# My DIY Power Monitor for my DIY Power Well



## Back Pack Hack (Sep 15, 2016)

I've been hankering for another upgrade to my ongoing DIY Power Well project. Yeah, I have a portable 100w folding solar panel now to charge it with, but it would be nice to know how well it truly performs (as well as any other method I can use to charge the batteries).

So a couple weeks ago I ordered a digital meter that can display voltage, current, power (watts) and total energy (kW). I had to wait until I received it before I could determine what I'll need to complete the project. After getting it, taking some measurements and hitting the innernets, the final piece arrived in the mail this morning... the plastic project box. First, I needed to make sure it will all fit in the box.









So after doing some noggin-scratching, I headed to the local hardware store and bought the few pieces I needed to git-er-done.

Display panel and shunt bar are along the top. 2-wire connector, project box, bolts & nuts, nylon bolts and screws for the box are on the bottom.









Now, I normally would use the metal bolts to mount the shunt bar, but that's out of the question as the bolts would then be part of the circuit. If there was any conductive path between the two ends, it would scew the measurements. So I retasked the low-current screws in the bar to mount it with, using the nylon screws.

My first task with the box was to shave off the three nubbins on the bottom so the bar will fit as close to the edge of the box as possible.

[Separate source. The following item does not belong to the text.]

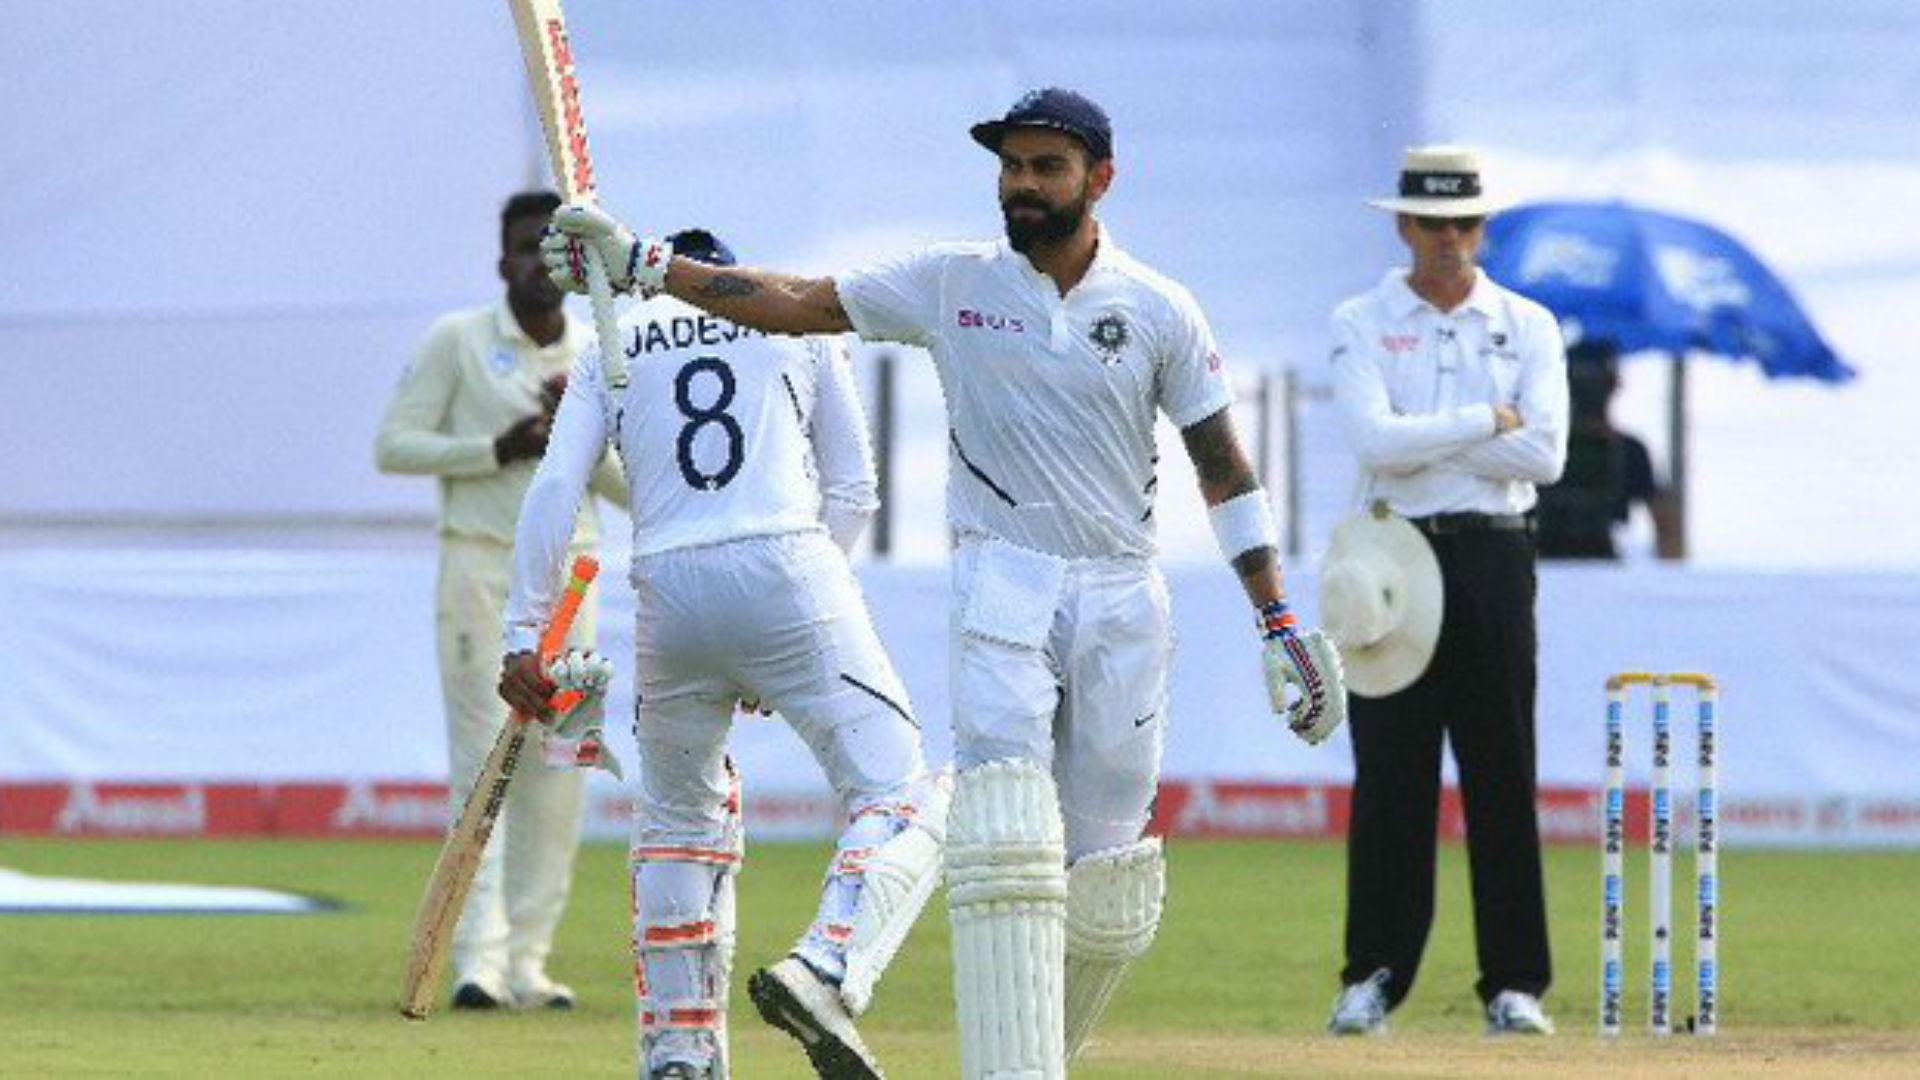 Agarwal hails 'tremendous' Kohli after Pune masterclass

This will make it easy for the large bolts to rest against the edge of the box. Eyeballing the small screw holes in the bar, I mark the box and head off to the drill press.


----------



## Back Pack Hack (Sep 15, 2016)

It's very close to the seam of the two halves of the box, but there's not much I can do about it. The 'bottom' half of the box is going to  have 80% of the hole, the upper half 20%. I figure I can tighten the nylon bolts enough to assemble the box, then give them a bit more to tighten it more securely once it's all assembled.

Now, the nylon screws I bought were much too long for the task as the threads of the holes in the shunt bar don't go all the way through. So, I need to lop off the nylon screws. Using a micrometer, I measure the excess distance between the box and the head of the screw, then transfer that measurement to the other end. A quick lop with my diagonals, and the nylon screws are cut to length, ready to hold the shunt bar in place.









Now the time-consuming and nerve-wracking part; cutting out the square opening for the display panel. I measure once, twice, three times. I eyeball it. Check it again. Double-check it again.









Once I'm 99% sure I've got the box marked so the panel will clear everything, I head off to the drill press again to mil out the opening.









It took a few more trips to the drill press, as well as some fine handwork with a utility knife, but the opening came out square with the box, and all my clearances are met.


----------



## Back Pack Hack (Sep 15, 2016)

Not to start wiring it. First are the input and output connectors. These are the same connectors I have between my charge controller and the Power Well. I drill a couple holes, thread them through, and use the mounting screw stand-offs and strain reliefs.









Using the wiring diagram on the back of the display, I start making up all the wiring connections, temporary as they are, to make sure it's wired correctly.









Once I check and double-check my connections, I use my benchtop power supply to verify it's all correct.









With the connections correct, I mark all the wires and the two ends of the shunt bar with colored tapes, then make all the permanent connections with a yellow ring terminal. Bolt everything together, put the bar in and snug it in place with the nylon screws, flip the display into place and install the 4 screws.


----------



## Back Pack Hack (Sep 15, 2016)

OK, it looks pretty.... but does it WORK?

Hook the input back up to the power supply, and my trusty, dusty Fluke 87 to the output, and............









Kinda nice the $24 meter isn't far off my my Fluke!

Time for some finishing touches... including painting the positive terminals red,









as well as labeling the input and output sides.









I did put a label on the bottom with "6.5-100vDC, 25a MAX." on the bottom. Although the shunt bar can handle 100a, the wiring I used won't. So I will limit myself to 25 amps. I doubt I'll ever see that much for my uses anyway.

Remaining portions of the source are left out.